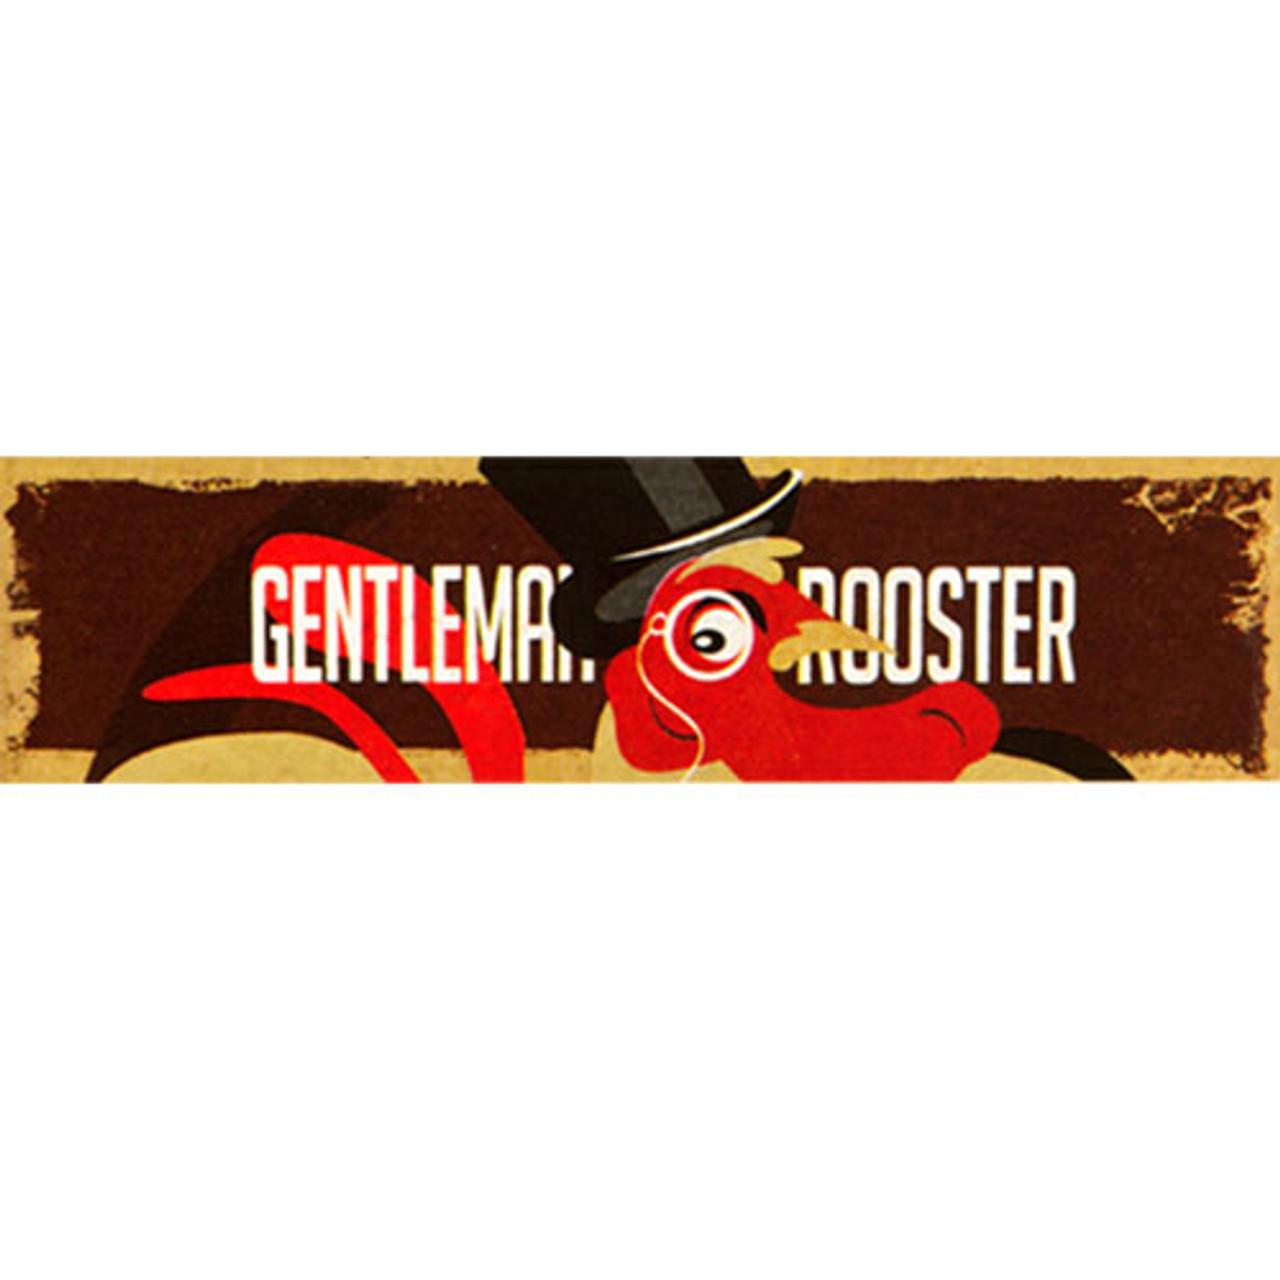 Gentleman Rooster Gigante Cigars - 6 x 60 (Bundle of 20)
====
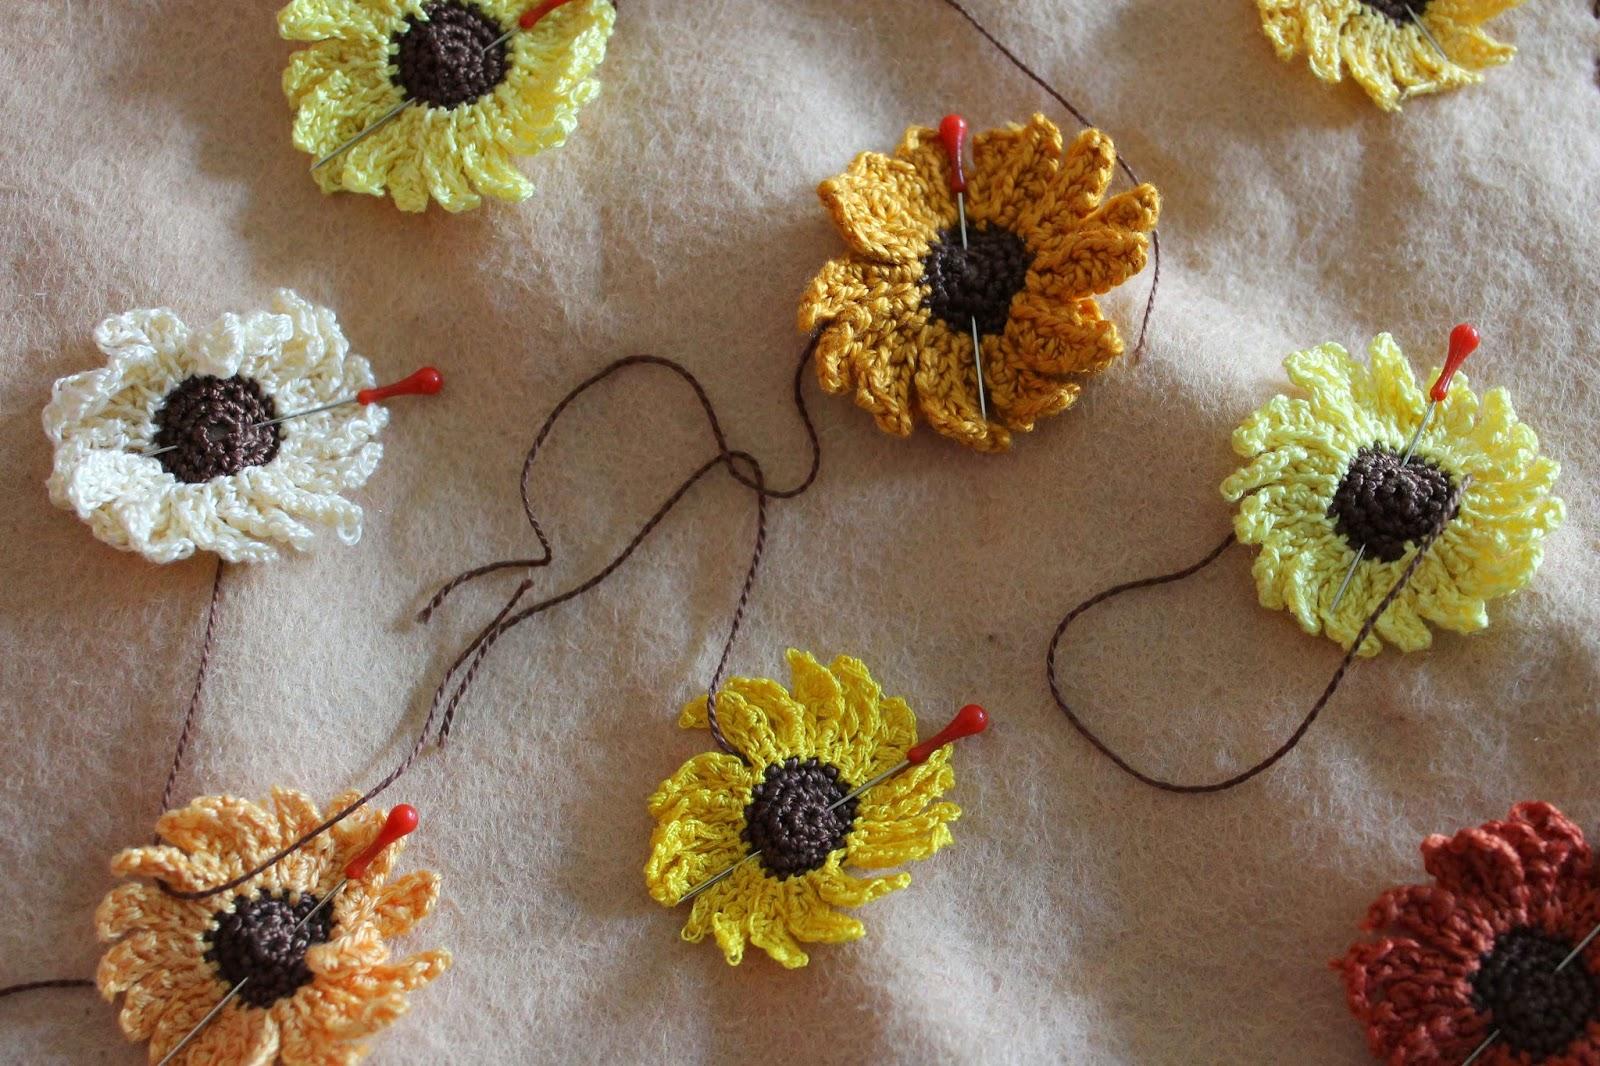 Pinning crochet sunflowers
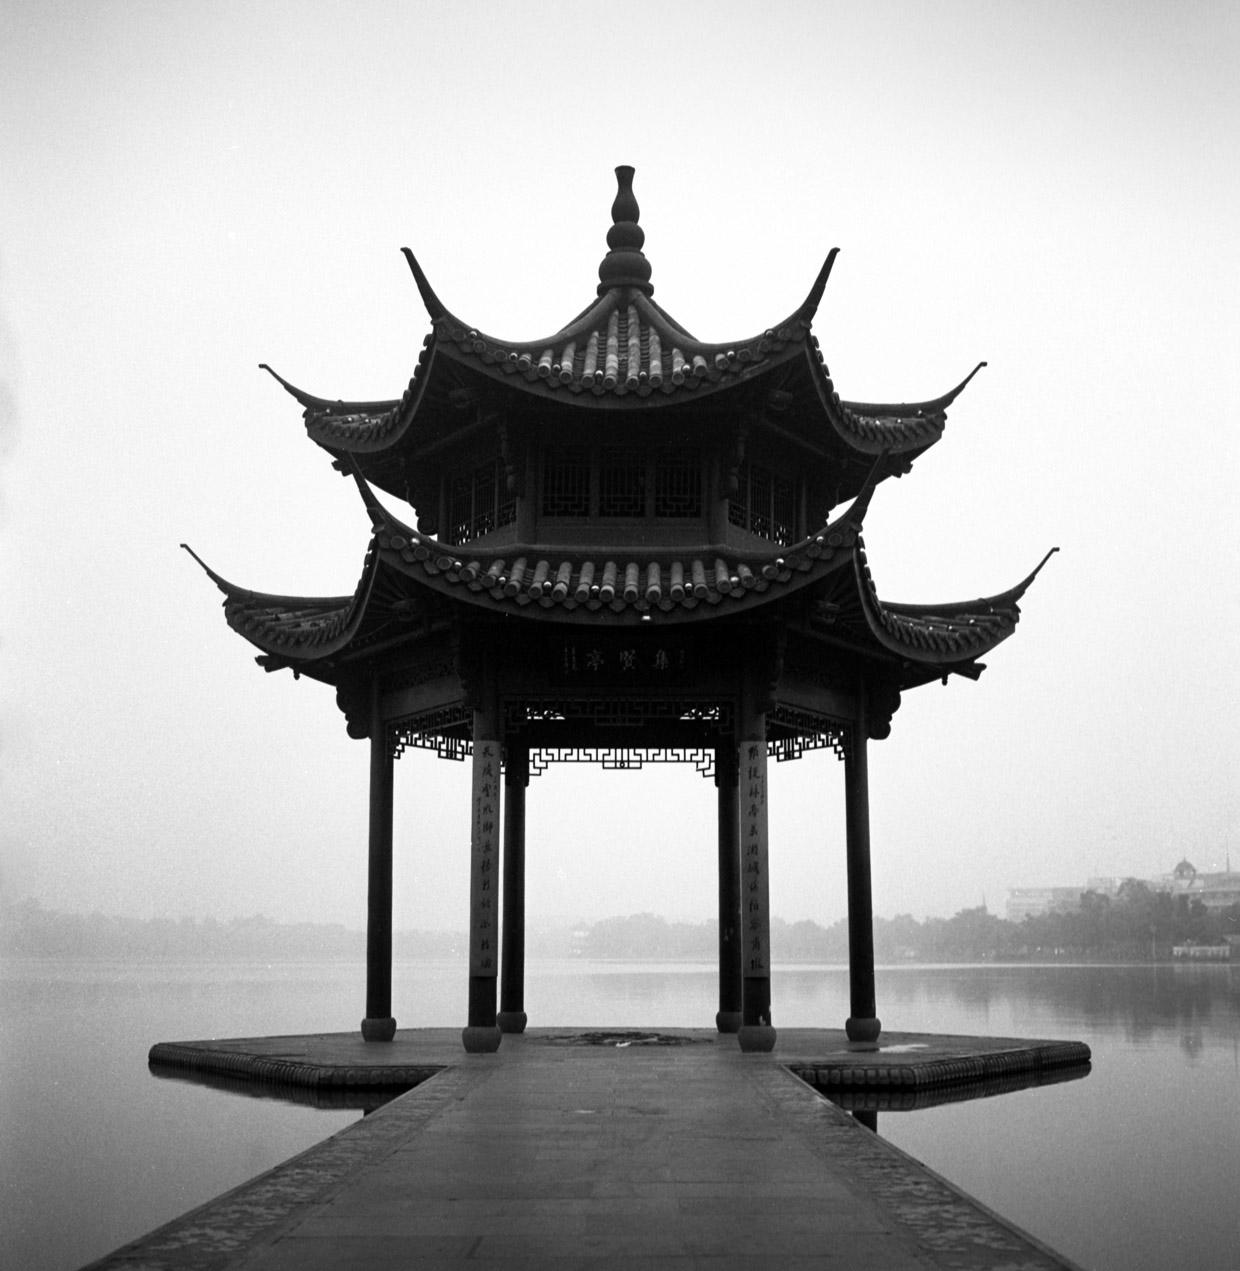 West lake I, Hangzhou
====
Exercise: Using the records above, print exactly the run of lines that starts with the line with "Pinning crochet sunflowers" and goes on through the line with "West lake I, Hangzhou", pictures excluded.

Response below:
 Pinning crochet sunflowers
 West lake I, Hangzhou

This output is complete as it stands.